Both bills would basically obliterate the single-use plastics industry. Yet consumers choose these products because they offer tremendous value in terms of price, performance, sanitary attributes, and more. As one of the largest industries in the United States, the plastics industry employs nearly a million people directly and about half a million indirectly, producing $451 billion in shipments annually,  according to the Plastics Industry Association.

If these foolish lawmakers succeed, consumers will eventually be stuck with inferior replacements, and thousands of people may lose their jobs.

Ironically, the environment will suffer as well. Numerous lifecycle studies conducted over decades show that single-use plastic products require less energy to produce, are less likely to transmit viruses and other diseasestake up less space in a landfill, require less water to make, create less air and water pollution, and cost substantially less than paper, cloth, and other alternatives.

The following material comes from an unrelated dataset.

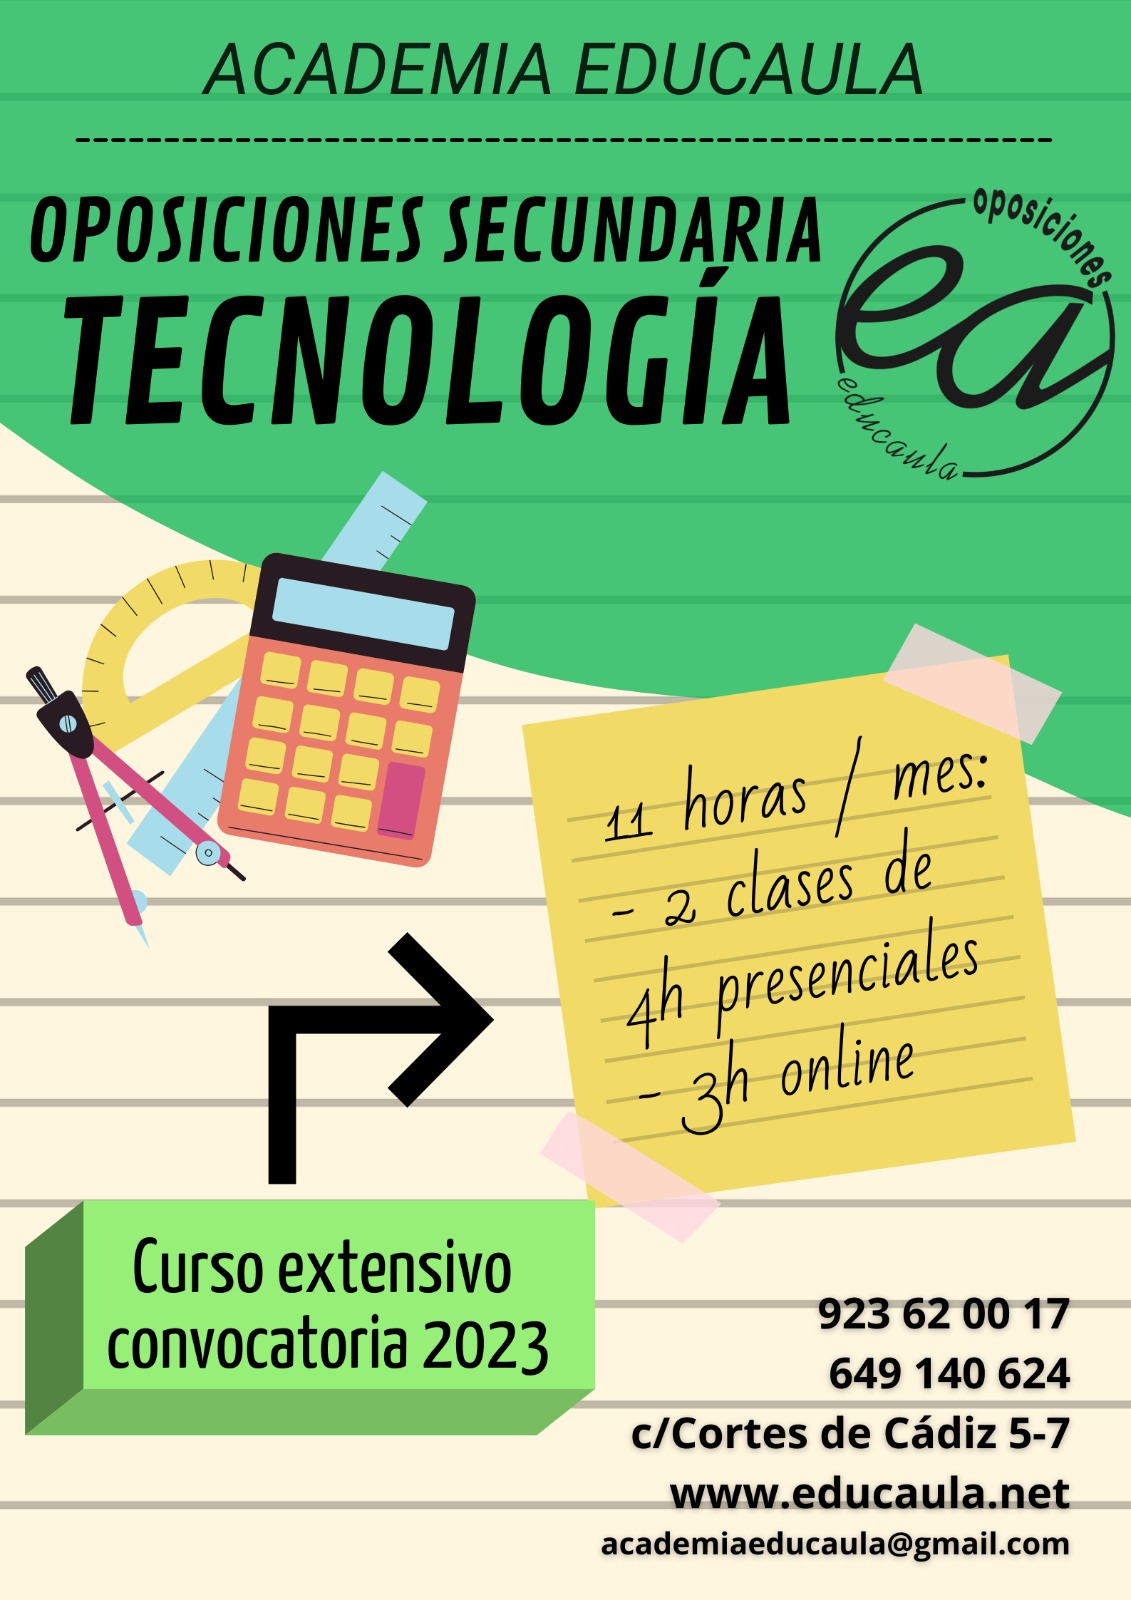 Preparación de oposiciones Tecnología del cuerpo de secundaria 2021-22 en EDUCAULA
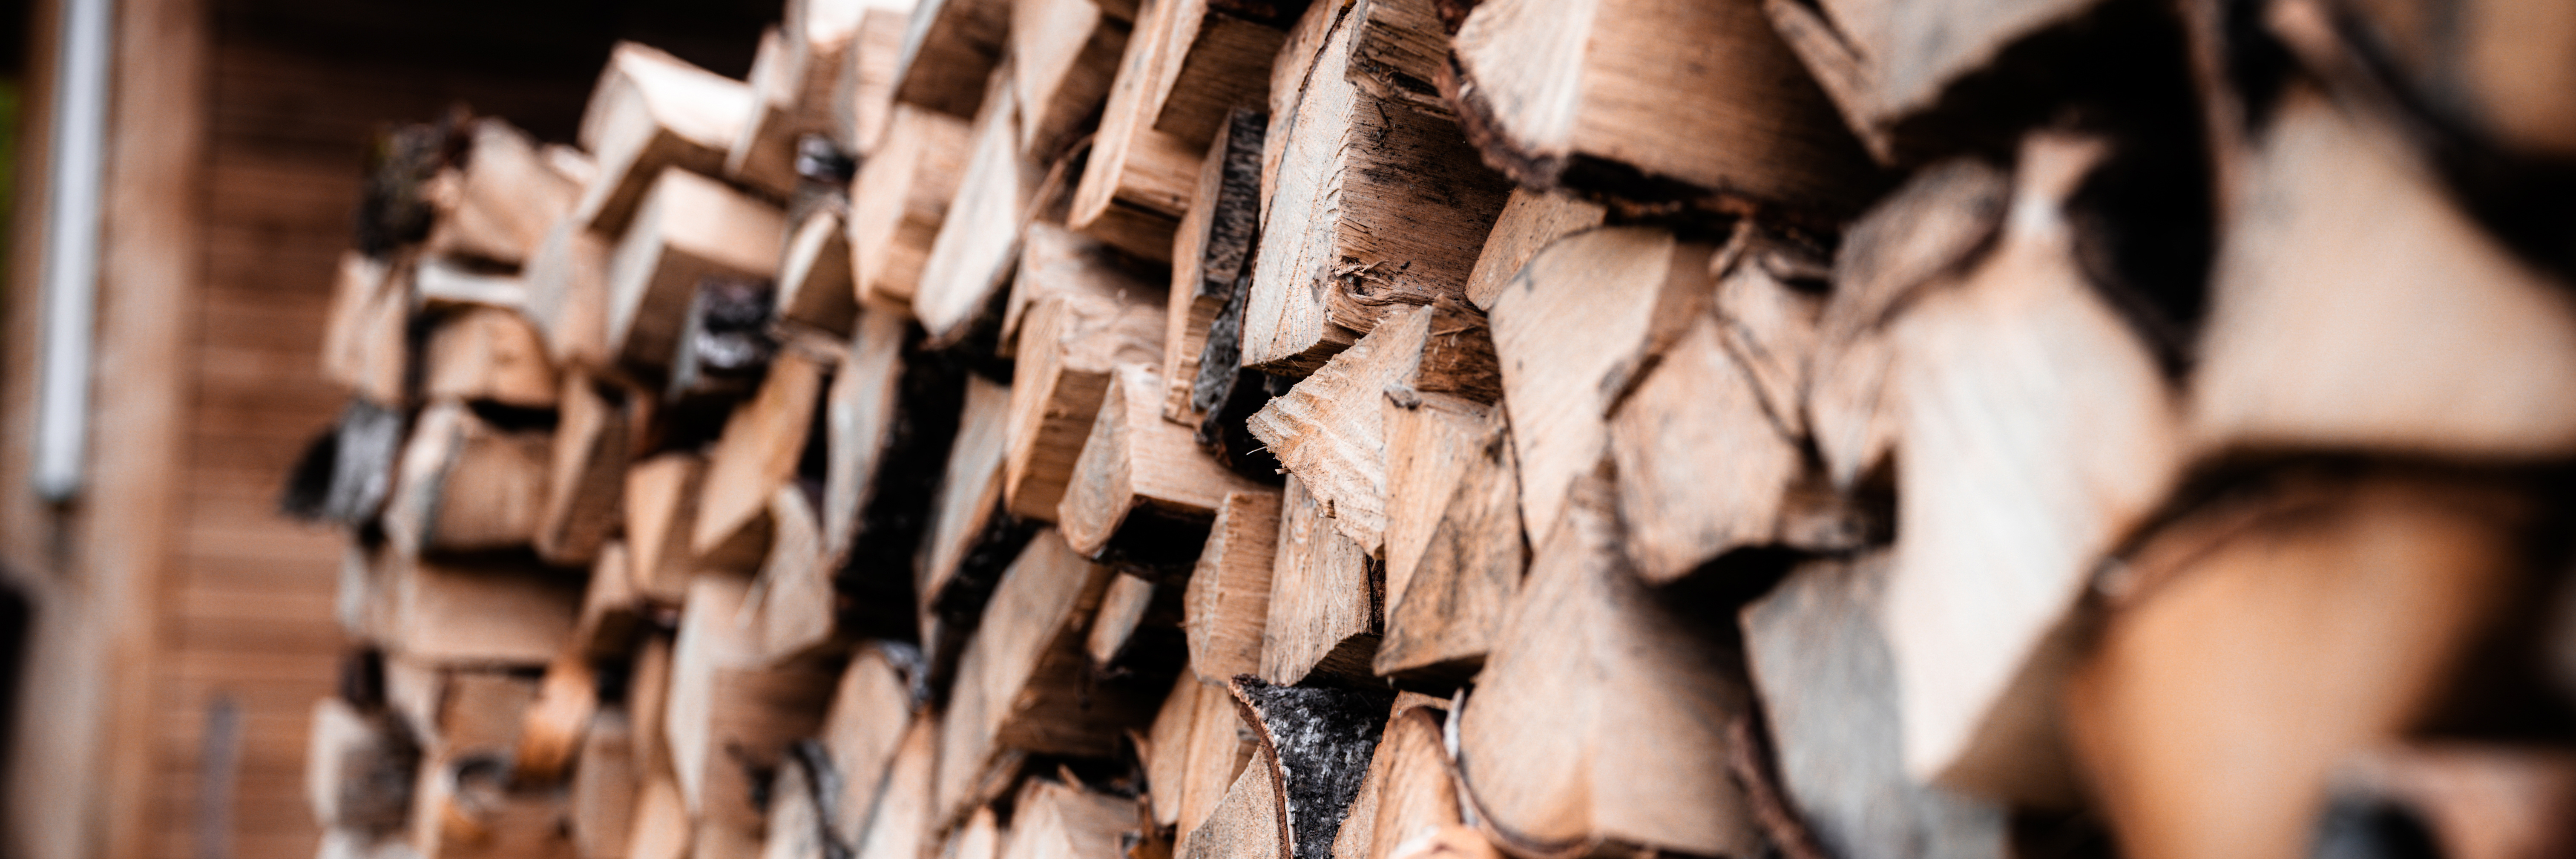 Firewood in storage.

If managed properly, they don’t end up in the ocean and can be disposed of safely. In fact, the United States does very well in keeping plastics out of the ocean, contributing less than 1 percent of the amount in the oceans today. Most of the waste comes from communist China as well as developing nations in Asia and Africa.

These proposals will also undermine recycling, particularly “advanced recycling.” Advanced recycling involves processes that break plastics down into their original components that can again be used to make equally strong and sanitary “virgin” plastic products, fuel, and other consumer products.

The moratoriums will slow or stop this emerging recycling technology and the legislation’s definition of “recycling” would force industry and local government to pursue “mechanical recycling”—requiring that used plastics be cleaned, melted down, and incorporated as “recycled content” into the same product type. Hence, advanced recycling would not conform, nor would recycling that uses post-consumer plastics to make completely different products, such as using plastic bottles to make park benches, milk crates, or whatever.